The forcing function most people skip is generation: producing something with the knowledge before you consider yourself done. This doesn't require a finished article or a polished document. A one-paragraph explanation of the three most counterintuitive things you learned, written without looking at the summary, is sufficient. If you can't write it, you haven't learned it yet.

My read is that this is where most AI-assisted learning workflows break down, not in the extraction step. The extraction is easy. The model does most of the work. The generation step requires effort from you, which is precisely why it's the step that creates durable retention.
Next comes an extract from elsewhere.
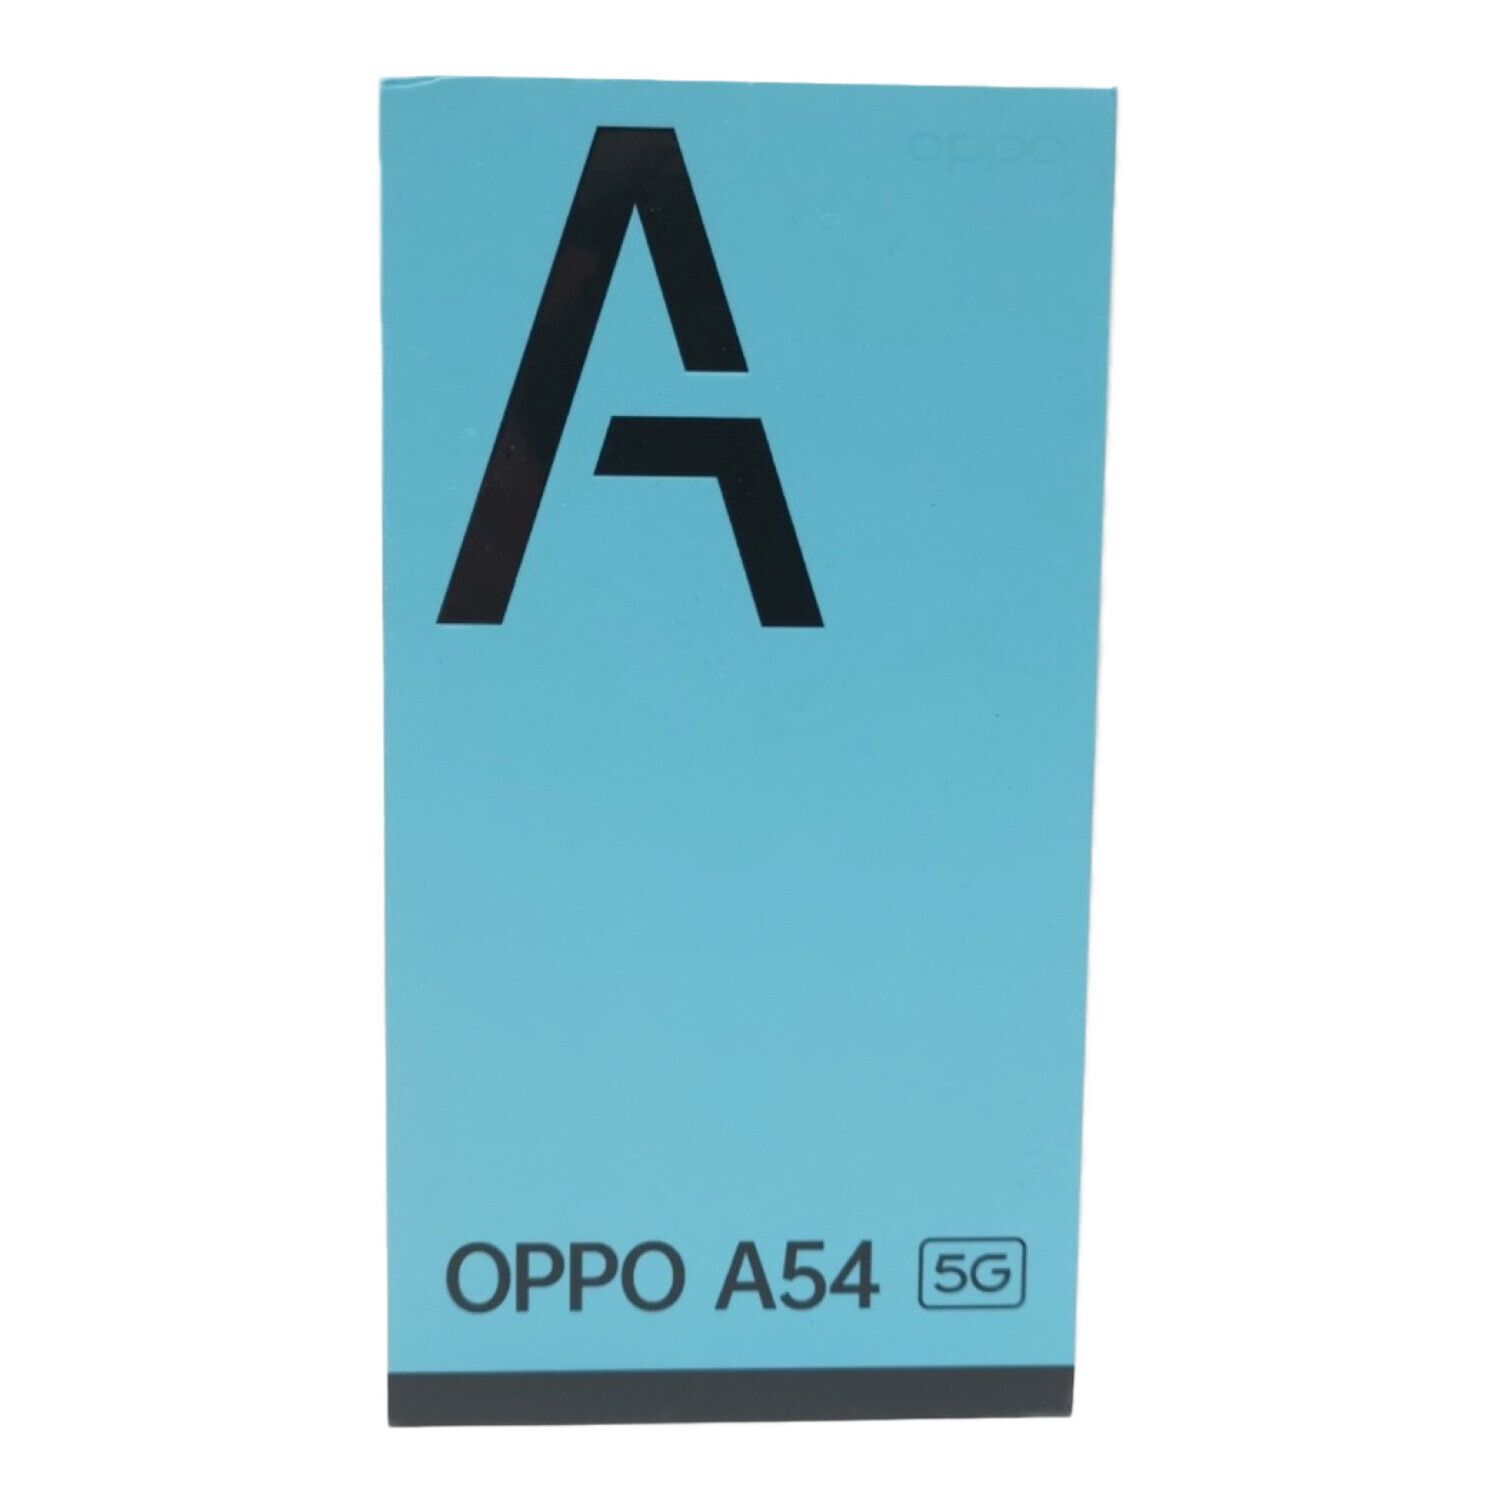 OPPO オッポ A54 5G OPG02 64GB アンドロイド スマホ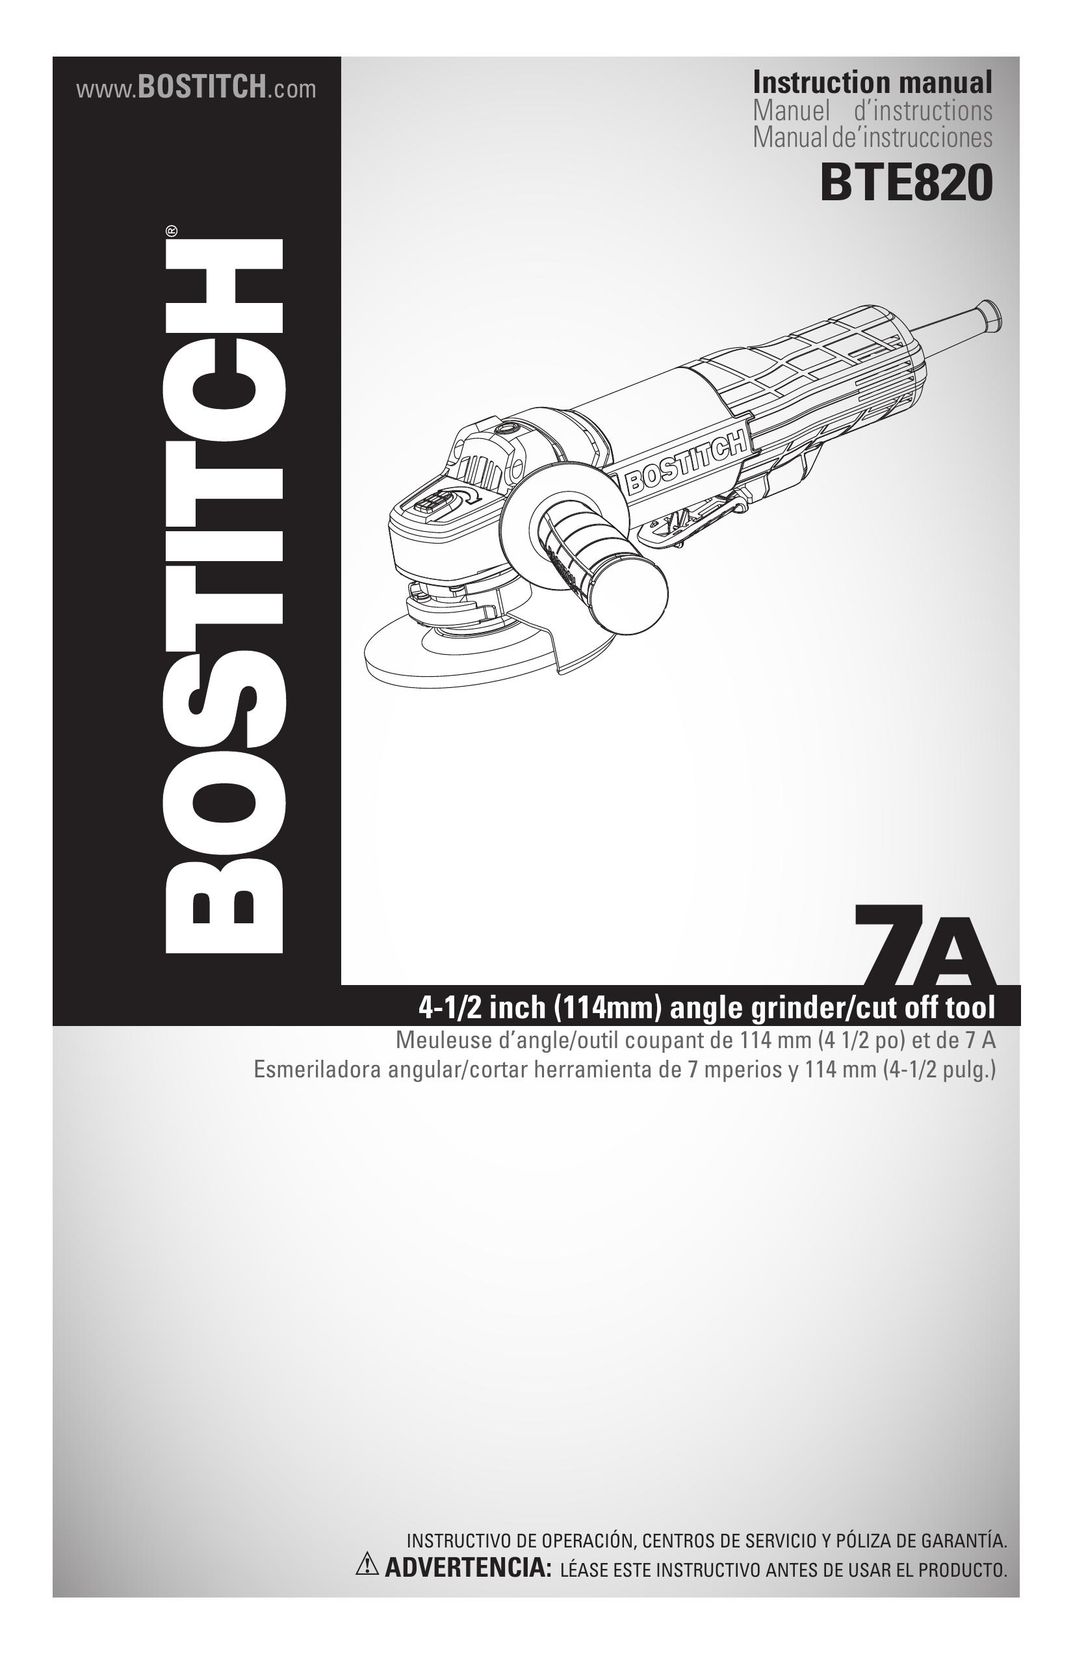 Bostitch BTE820K Grinder User Manual

There is also a prompt design angle here worth noting. If you are heavy-handed with negative constraints in prompts, specifically telling the model what not to do, your extractions tend to be less polluted with filler phrasing that makes summaries feel complete even when they're shallow. Instructing the model to "avoid motivational language and avoid restating the same point twice" produces noticeably cleaner extraction output.

One practical floor to set: if you can't generate a forcing-function output on a topic, don't move on to the next module. The compression is only useful if the knowledge is actually transferable.

FAQ

Can I use this method with paywalled courses that don't provide transcripts? Most video platforms, including Coursera, Udemy, and LinkedIn Learning, display auto-generated captions that you can copy directly from the browser. The quality varies, but it's usually enough for extraction. Alternatively, screen-record the video locally and run it through Whisper.

Which AI model handles long educational texts best? As of mid-2026, Claude handles very long documents with fewer hallucinations on cited content than most alternatives, based on practitioner comparisons published in the Hugging Face forums and several independent benchmark threads on LessWrong through early 2026. For shorter extractions under 10,000 words, the gap between models is smaller and other factors like your prompt quality matter more. ChatGPT alternatives covers the current tradeoffs in more detail.

Does this work for technical material like programming courses or finance certifications? Yes, but you need to add a domain signal to the prompt. Telling the model you are a working developer, a CFA candidate, or a marketing analyst changes the level of assumed knowledge in the output. Without that signal, technical extractions tend to over-explain basics and under-explain the things that are actually hard in practice.

Closing

The generation step is the one you can't delegate to the model. Everything before it, extraction, structuring, question generation, runs almost automatically once you have a working prompt. The part that creates retention requires you to produce something, and that friction is the point.